Bayesian coresets speed up posterior inference in the large-scale data regime by approximating the full-data log-likelihood function with a surrogate log-likelihood based on a small, weighted subset of the data. But while Bayesian coresets and methods for construction are applicable in a wide range of models, existing theoretical analysis of the posterior inferential error incurred by coreset approximations only apply in restrictive settings -- i.e., exponential family models, or models with strong log-concavity and smoothness assumptions. This work presents general upper and lower bounds on the Kullback-Leibler (KL) divergence of coreset approximations that reflect the full range of applicability of Bayesian coresets. The lower bounds require only mild model assumptions typical of Bayesian asymptotic analyses, while the upper bounds require the log-likelihood functions to satisfy a generalized subexponentiality criterion that is weaker than conditions used in earlier work. The lower bounds are applied to obtain fundamental limitations on the quality of coreset approximations, and to provide a theoretical explanation for the previously-observed poor empirical performance of importance sampling-based construction methods. The upper bounds are used to analyze the performance of recent subsample-optimize methods. The flexibility of the theory is demonstrated in validation experiments involving multimodal, unidentifiable, heavy-tailed Bayesian posterior distributions.

Plain English Explanation

Bayesian coresets are a way to summarize a large dataset into a smaller, weighted subset. This can be useful when working with big datasets, as it allows you to do Bayesian analysis on a much smaller amount of data.

The authors of this paper show that there are fundamental limits on how well these Bayesian coresets can approximate the true Bayesian posterior distribution. No matter how the coresets are constructed, there will always be some error compared to the full dataset. This means that the coresets can never perfectly capture all the information in the original data.

This has important implications for other areas of machine learning, like Bayesian pseudo-coresets and diffusion-based generative models. Researchers working in these fields need to be aware of the inherent limitations of Bayesian coresets and plan accordingly.

Technical Explanation

The paper derives lower bounds on the approximation error of Bayesian coresets. Specifically, the authors show that the Kullback-Leibler (KL) divergence between the true Bayesian posterior and the posterior based on a Bayesian coreset cannot be made arbitrarily small.

This is proved by constructing a family of problem instances where the KL divergence is bounded away from zero, regardless of the size of the Bayesian coreset. The key insight is that for certain data distributions and model classes, the information lost by compressing the dataset into a coreset is fundamental and cannot be overcome.

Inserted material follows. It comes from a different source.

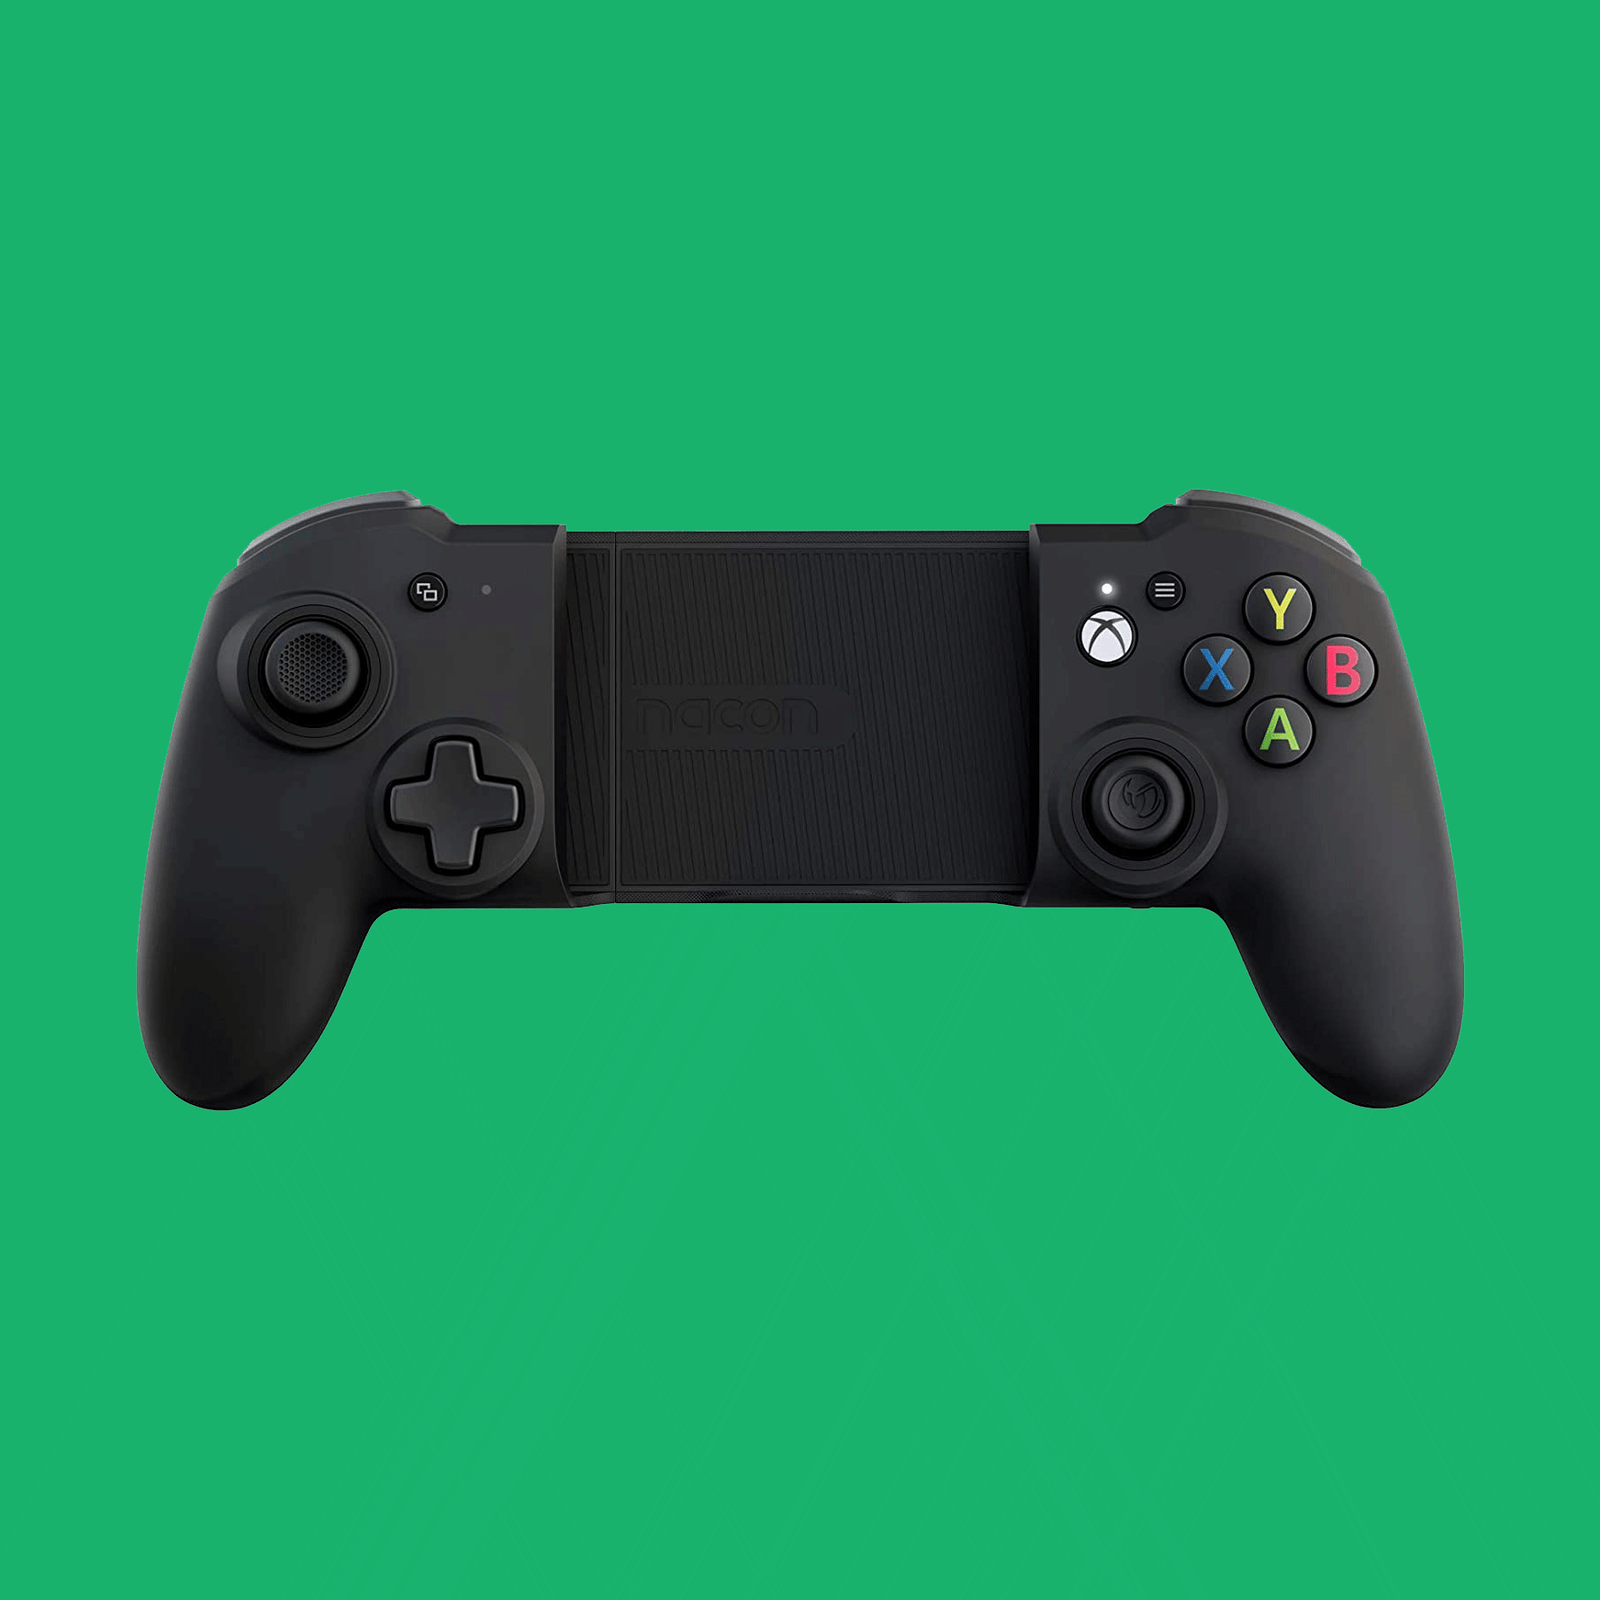 Nacob MGX Pro Controller for mobile devices

The results have implications for other areas of Bayesian inference, such as settling time vs. accuracy tradeoffs in clustering big data and PAC-Bayes bounds. Researchers in these fields often rely on Bayesian coresets, and the lower bounds established in this paper suggest that there are inherent limitations to the quality of approximation that can be achieved.

Critical Analysis

The paper provides a rigorous theoretical analysis of Bayesian coresets, but it is limited to specific problem settings and model classes. The authors acknowledge that their lower bounds may not apply in all scenarios, and that the construction of the problematic problem instances may not reflect real-world data and models.

Additionally, the paper does not address potential ways to mitigate the approximation error, such as using more sophisticated coreset construction algorithms or combining coresets with other techniques like particle gradient descent extensions. Exploring these avenues could lead to improved practical performance of Bayesian coresets, even if the theoretical limits cannot be overcome.

Overall, the paper provides valuable insights into the fundamental limitations of Bayesian coresets, but further research is needed to fully understand their capabilities and limitations in diverse real-world applications.


This paper establishes general lower bounds on the quality of Bayesian coresets, showing that the approximation error cannot be made arbitrarily small for certain problem settings. These results have important implications for the use of Bayesian coresets in machine learning and Bayesian inference, as researchers need to be aware of the inherent limitations of this technique.

While the theoretical analysis is rigorous, the applicability of the results to real-world scenarios remains an open question. Exploring new coreset construction algorithms, combining coresets with other techniques, and testing on diverse datasets could lead to improved practical performance and a better understanding of the tradeoffs involved in using Bayesian coresets.